My Lords, I do not agree that it is a blunt tool. We propose to apply to new tenancies a requirement for an EPC rating of C and raise the maximum spend that landlords are required to invest to £10,000 from April 2025, and to all tenancies by April 2028—the noble Lord is right. If we are going to meet our net-zero strategy, we have to commit even further to consulting on phasing in even higher minimum performance standards. That will take place through the social housing sector but also through the private rented sector.
My Lords, further to the noble Lord’s original Question, is there not an inevitable tension between the interests of the private landlord on the one hand, who wants access to his capital or property and is therefore interested in a short lease, and the interests of families and tenants on the other hand, for whom renting may now be the only tenure and who want a much longer lease? Should we not be moving far more quickly to the position that exists in most other countries, where good-quality rented accommodation is provided by financial institutions as a long-term investment, as they are more prepared to issue the long leases that tenants increasingly want?

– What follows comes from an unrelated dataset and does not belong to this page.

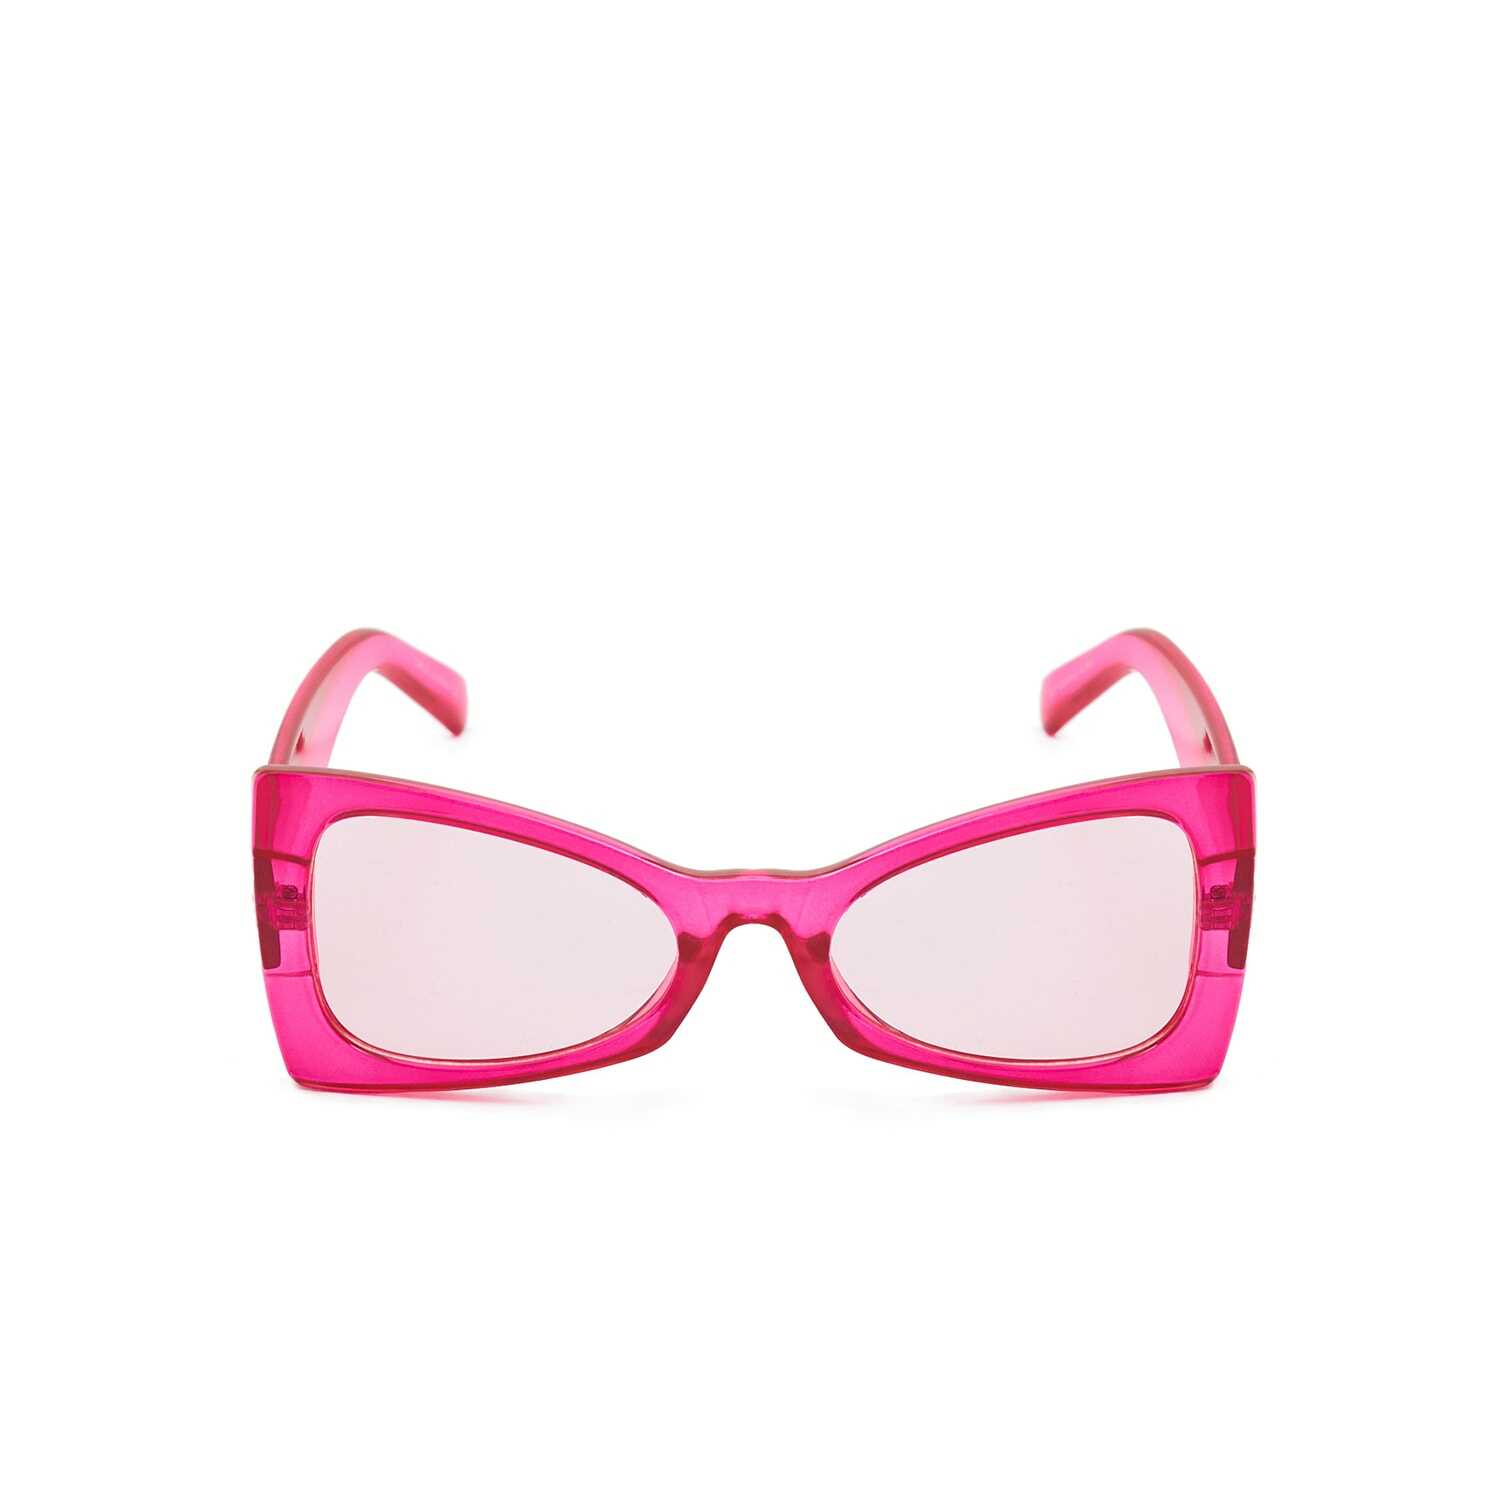 Cropp - Różowe okulary przeciwsłoneczne - Różowy

My noble friend brings up an extremely important point. The Government have always welcomed new institutional investments in the private rented sector and will continue to do so. We have also made a number of interventions to support the build-to-rent sector, such as the build to rent fund and the private rented sector guarantee scheme. Build to rent boosts housing supply and diversifies the private rented sector, but it also increases quality and choice for renters in cities and towns across the country. I will take the noble Lord’s views back to the department, and we will look into this further.
My Lords, I thank the Minister for her answer to the first part of the Question, but does she accept that part of the reduction in supply is due to some landlords choosing the more lucrative Airbnb lettings and platforms, and that the Government’s policy to restrict mortgage interest relief on buy-to-let mortgages has inadvertently contributed to this loss of homes by exempting those lettings from that relief? Will the Government look seriously at this and other tax issues to level the playing field in order to attract landlords back to much-needed longer secure tenancies?

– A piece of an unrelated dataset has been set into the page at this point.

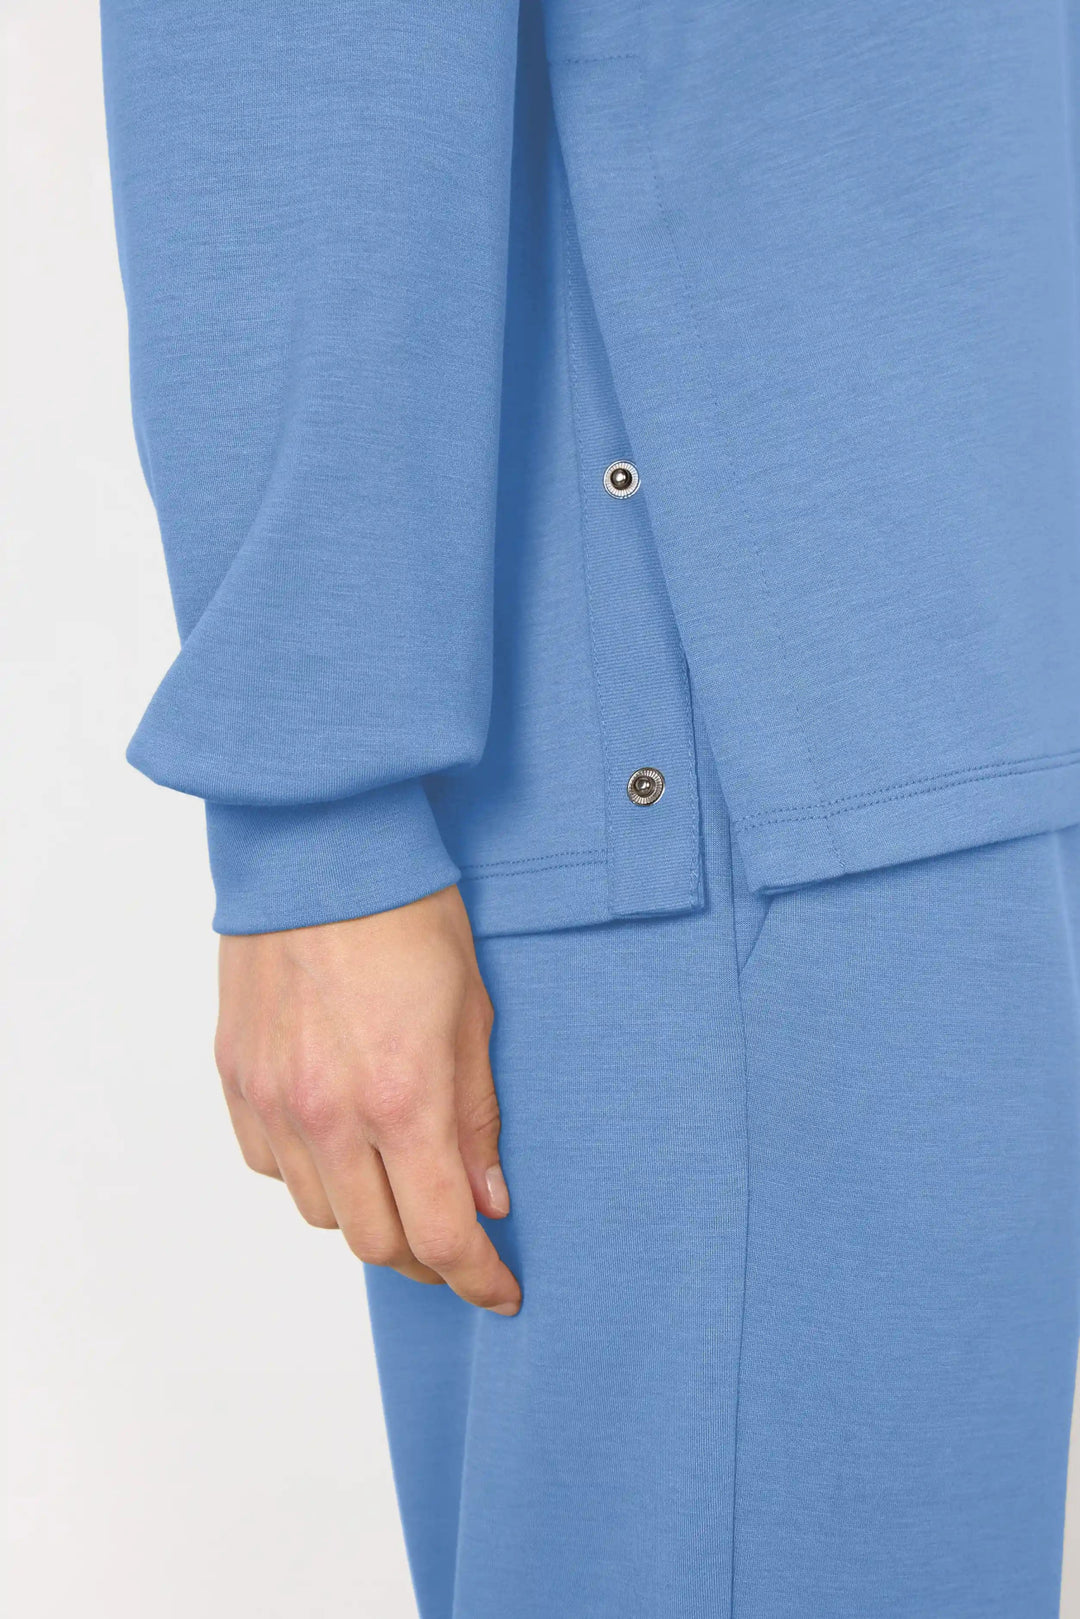 Sc-Banu 134 bright blue | Skjorter og bluser | Smuk - Dameklær på nett

The noble Baroness brings up an important point. We know that this has become more important over the last year. We have committed as a Government to consult on the introduction of a use class for short-term lets; I think that is important. Subject to the outcome of that consultation, this will help local authorities to better control the increase of such uses where landlords seek to use existing homes for short lets, rather than using them for longer lets.

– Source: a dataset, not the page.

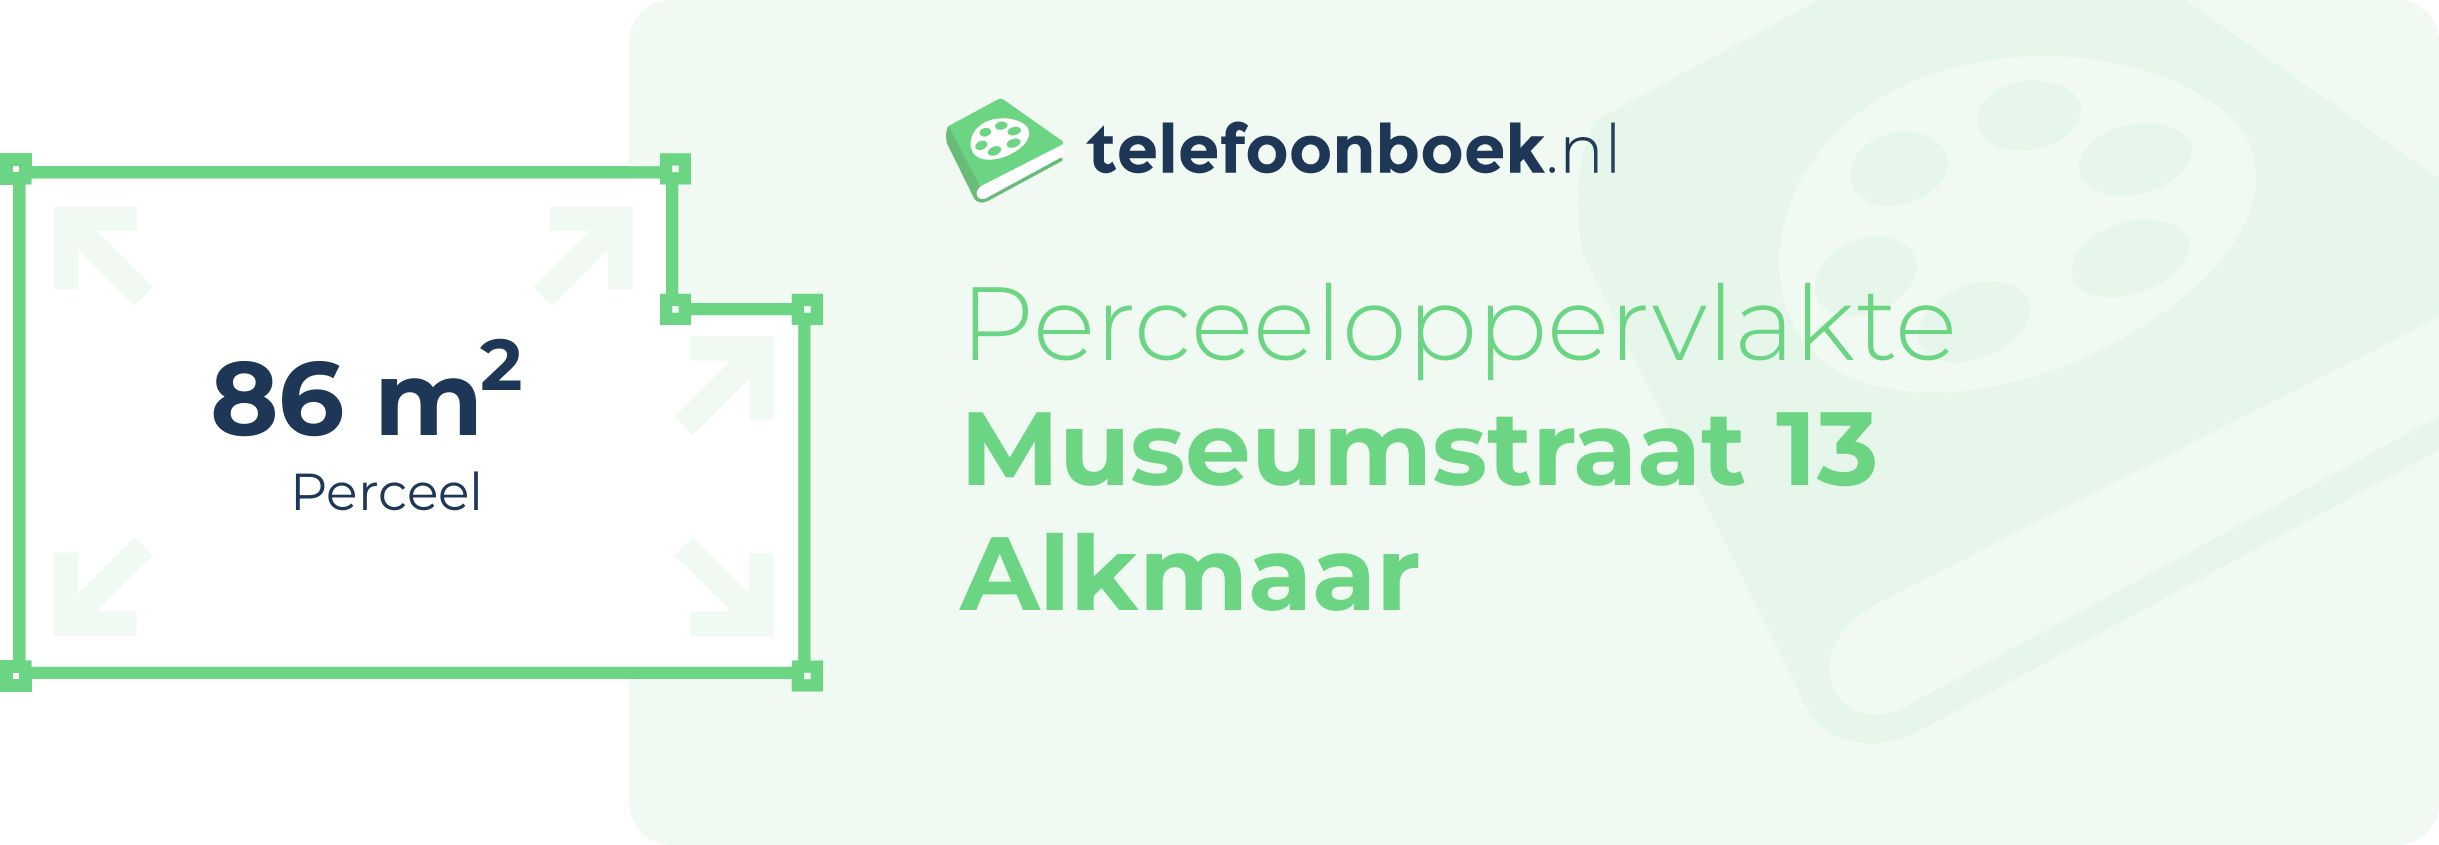 Perceeloppervlakte Museumstraat 13 Alkmaar

My Lords, given the ongoing cost of living crisis and the reliance of many people for survival purposes on food banks, what impact do the Government believe the lack of available homes to rent is having on the ability of councils and other providers to provide for the homeless?
My Lords, any shortfall in the number of permanent long-term homes available in the market will have a pressure on people looking for those homes and could put pressure on their household budgets, because if people are desperate for housing they will pay more than maybe they should have to. The Government are looking at all that. However, we have helped tenants and all people across this country. We have put in £37 billion of support for people who need it in 2022-23 to help us through this difficult time, and we will continue to look at making sure that we have as many houses of all types of tenure in our stock available for people.
Is it possible to look at the tragedy of increased evictions that is happening now? Are the Government going to come up with a solution to these two opposites: the tenants who can no longer afford the increase in rent and the landlords who are stymied in a similar way? We need, and I recommend, a debate in the House about this problem.
I am afraid that I have to answer the noble Lord that it is not up to me to agree to a debate, but I am sure that the Front Bench along from me has listened to what the noble Lord said. It would be an interesting debate.
My Lords, I recognise my noble friend’s sincerity in her initial Answer. Nevertheless, 95,000 families are living in temporary accommodation. In recent months, we have seen rent rises nationally of 17% and as high as 59% in some boroughs of London. Will my noble friend put some motion and activity behind a proper analysis so that we can produce an urgent way forward?
The Government have made it clear that, within this Session, they will bring forward the private renters Bill, which will look at the issues that my noble friend raises, as well as many others. The Government have allocated £654 million in funding this year and next year on homelessness and people in temporary accommodation. Recently, because of those issues that we know are happening, we have topped that up in December by another £50 million. We are doing everything that we can in this difficult time to support these vulnerable people.
My Lords, as a serving councillor, I deal with cases of homelessness every day. The number is increasing every day because of eviction from private tenancies and/or the affordability of those tenancies, and fewer landlords coming forward. With social housing waiting lists now at over 1 million due to decades of underinvestment in social housing and an annual loss of 24,000 social homes a year due to demolition and sales under the right to buy, what are the Government going to do to address the housing emergency?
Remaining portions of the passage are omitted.